Most Russians found themselves in the elder's predicament when Tolstoy, his face more flushed than ever, started pole-hanging in the sphere of politics and morals. Some listened passionately to his revolutionary edicts; other gaped and wished the old man would stick to art. Anton Chekhov, who was born (1860) 32 years after Tolstoy, started by listening, but eventually decided that he could do better gymnastics of his own.

Alexandra, youngest of Tolstoy's daughters, has written the umpteenth story of her father's life, coincident with the publication of a new, grand-scale biography of Chekhov. Author Tolstoy was her father's secretary, and her book is a useful, bulky filing cabinet of Tolstoyana, though empty of literary substance. David Magarshack is a pundit of the Russian drama who has already written a life of Producer Stanislavsky and a study of Chekhov's plays. His huge, valuable Chekhov resembles Tolstoy only in that it, too. is more a receptacle for facts than a vehicle of literary criticism.

Aristocrat in a Blouse. Apart from a penchant for beards, these two great men are a fascinating study of human contrasts. Tolstoy was a son of the minor aristocracy who entered manhood as an artillery officer (he fought at Sevastopol) and ended it trying to be as much like a peasant as possible. The more he saw of contemporary society, the more he despised it; the more he wrote, the more contemptuous he became of "style" and "art." "The patient's special obsession," he wrote, in a mock case-history of himself, "is that he believes it possible to alter the lives of others by means of the word. General symptoms: dissatisfaction with the existing order, condemnation of everyone except himself."
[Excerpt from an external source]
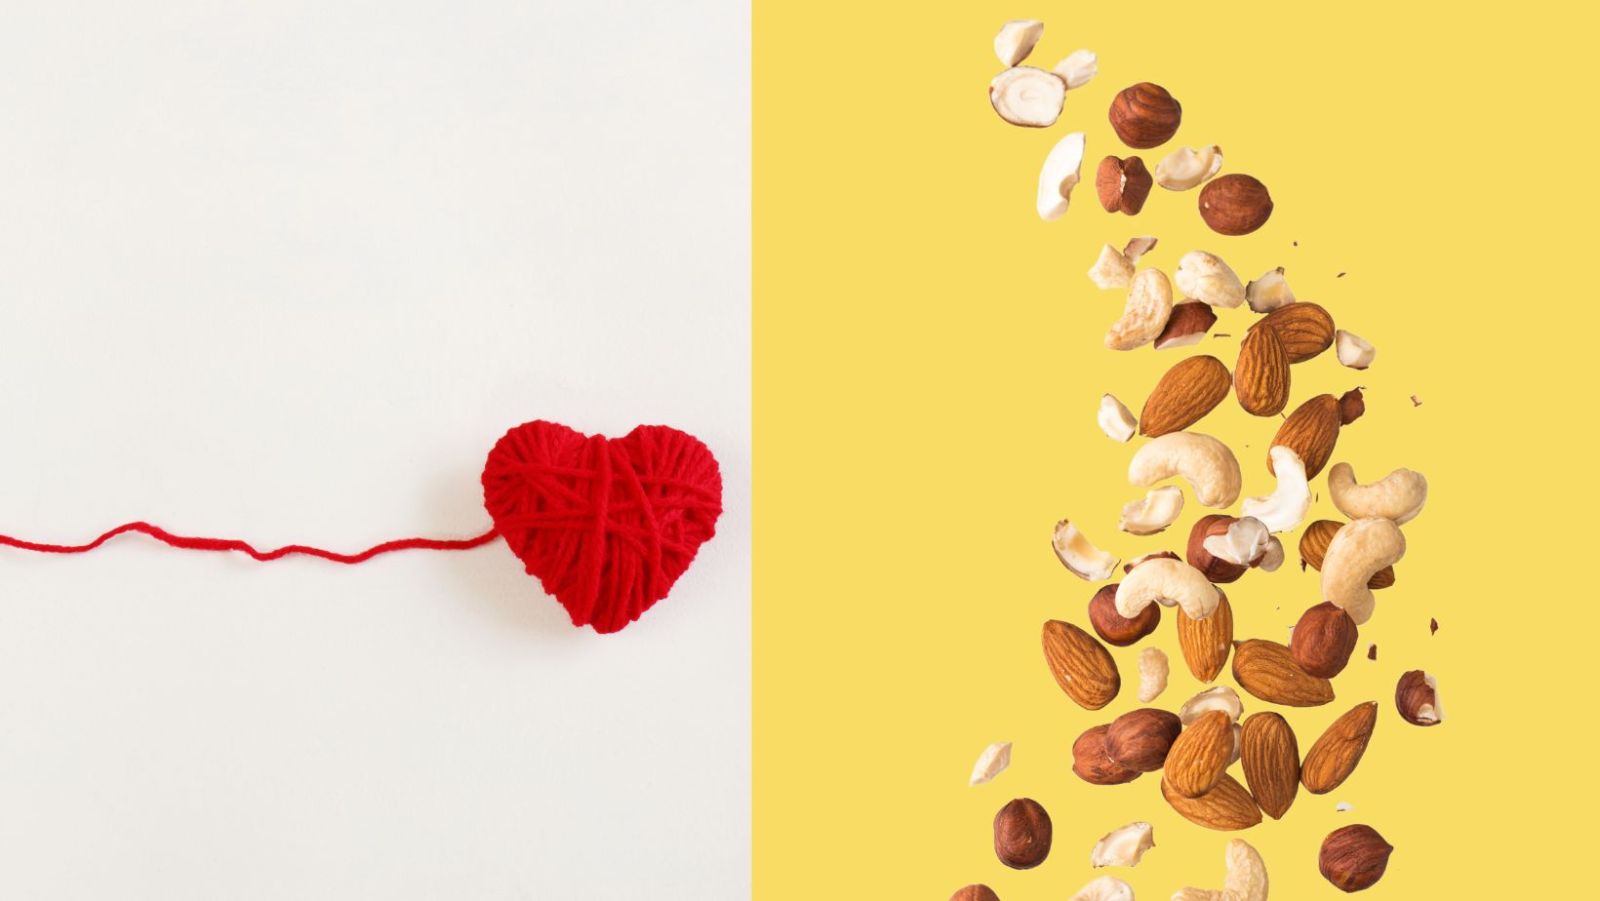 Manger des noix pourrait réduire de 61% le risque d'infarctus selon une étude

People flocked to visit the author of War and Peace and Anna Karenina. They met, instead, a bearded, bearish moralist who had put all such vanities behind him. Most of the trouble in the world, pious Leo Tolstoy believed, was caused by man's passion for burying the Ten Commandments under heaps of verbiage. Educators, churchmen, politicians and pundits of every kind were all dedicated to the proposition that the simple truths of life, death and religion must be twisted into lies. The peasant blouse which Tolstoy loved to wear was not a cover for his body; it was his challenge to a tailored world.